## Data to use
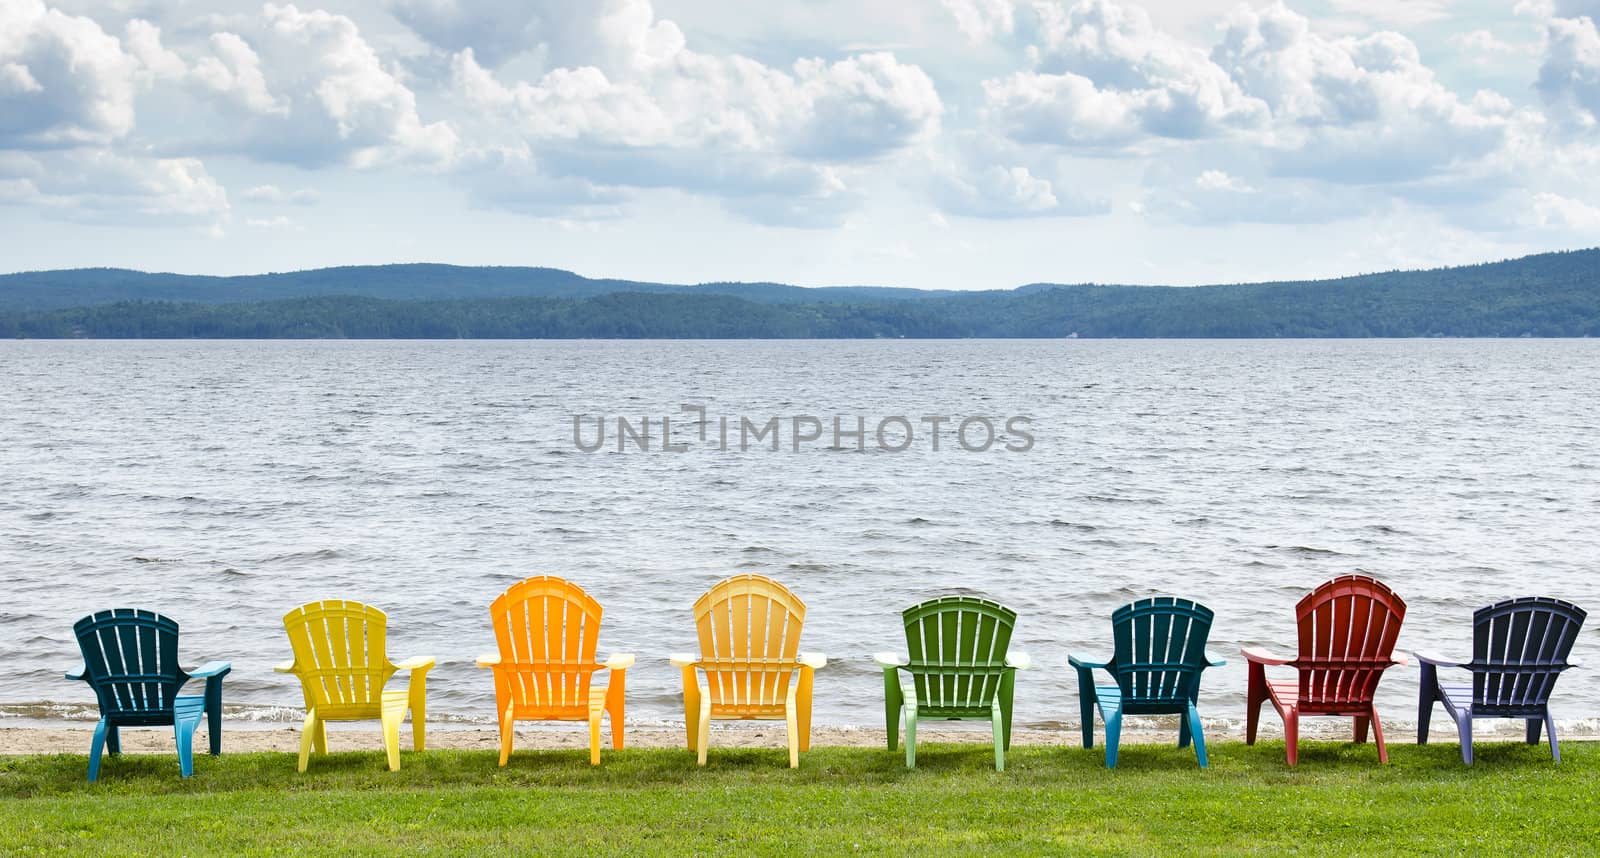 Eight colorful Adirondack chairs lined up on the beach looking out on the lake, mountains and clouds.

--

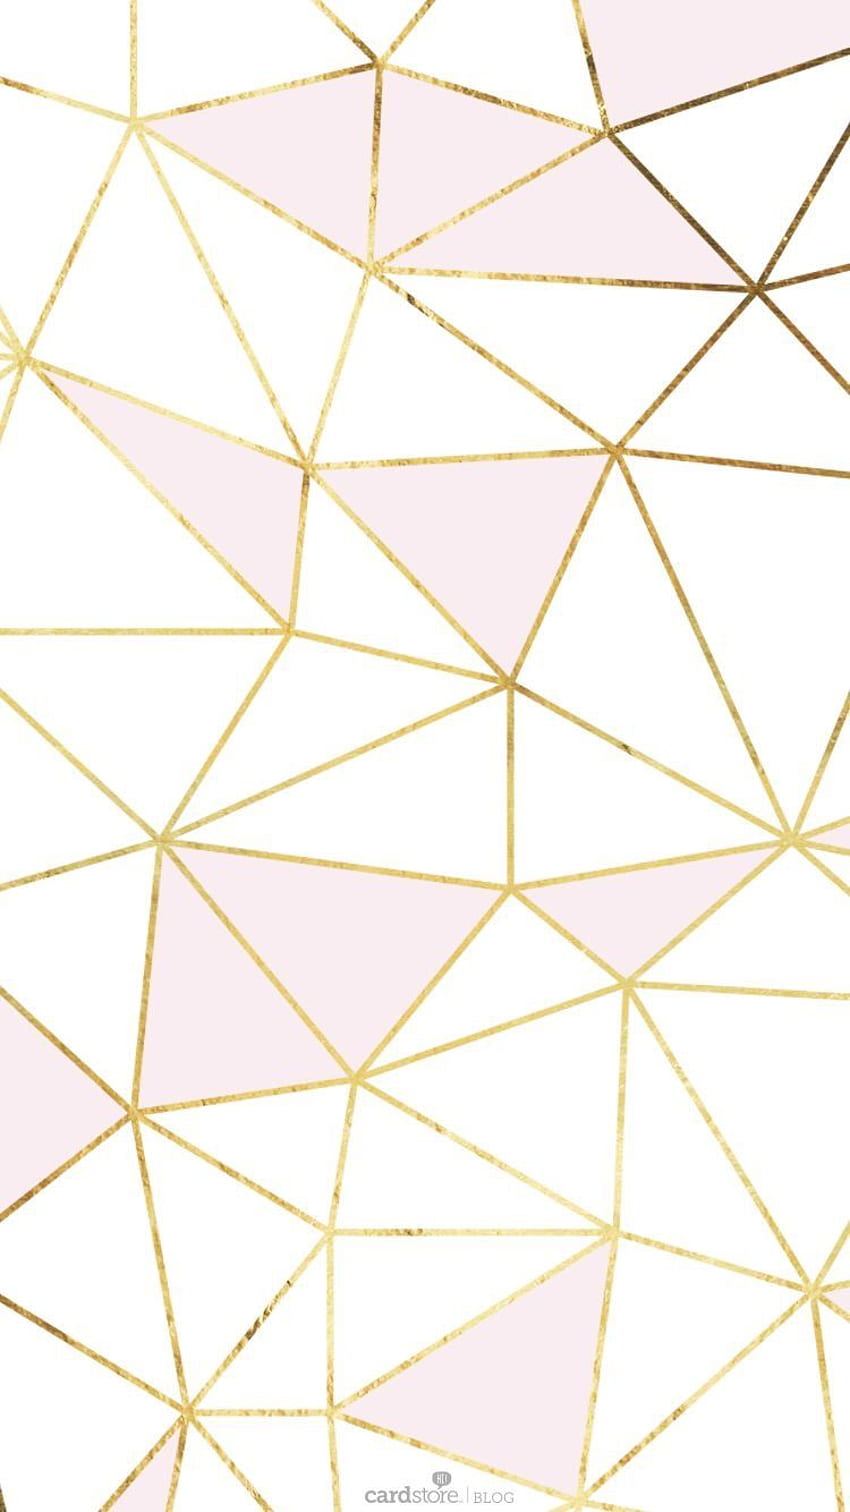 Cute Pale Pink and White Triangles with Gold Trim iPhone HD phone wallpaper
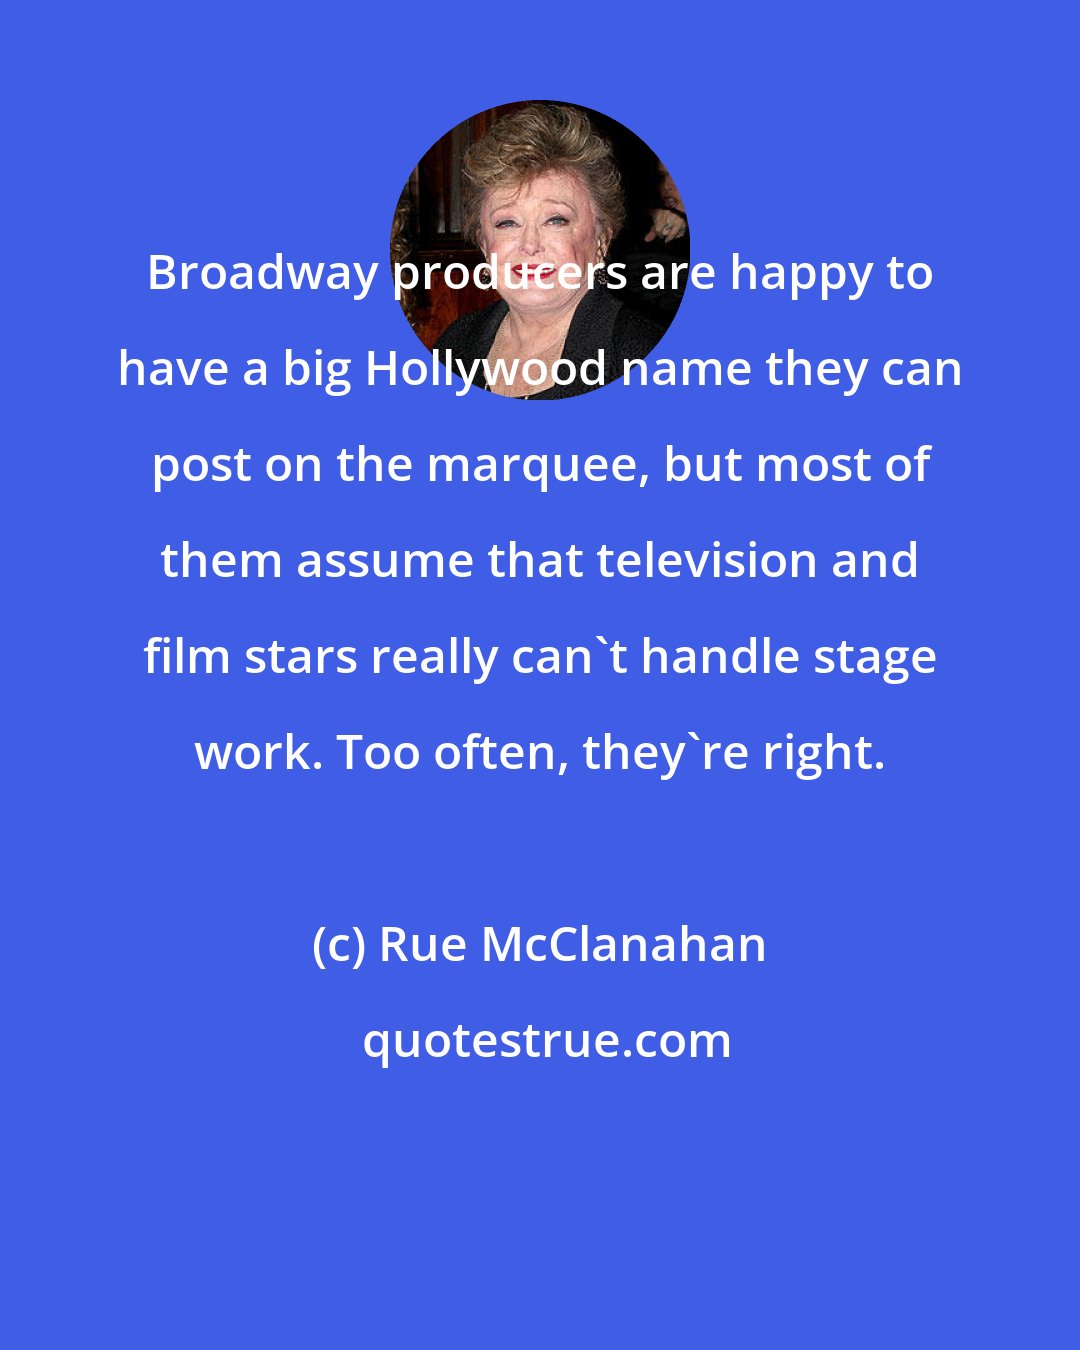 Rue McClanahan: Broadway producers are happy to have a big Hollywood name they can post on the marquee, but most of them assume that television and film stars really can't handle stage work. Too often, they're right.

## Activity
Up in the listing, locate the line with "Cute Pale Pink"; print it and every line after it down to the line with "Rue McClanahan: Broadway", which is included too. Skip the pictures.

## Response
 Cute Pale Pink and White Triangles with Gold Trim iPhone HD phone wallpaper
 Rue McClanahan: Broadway producers are happy to have a big Hollywood name they can post on the marquee, but most of them assume that television and film stars really can't handle stage work. Too often, they're right.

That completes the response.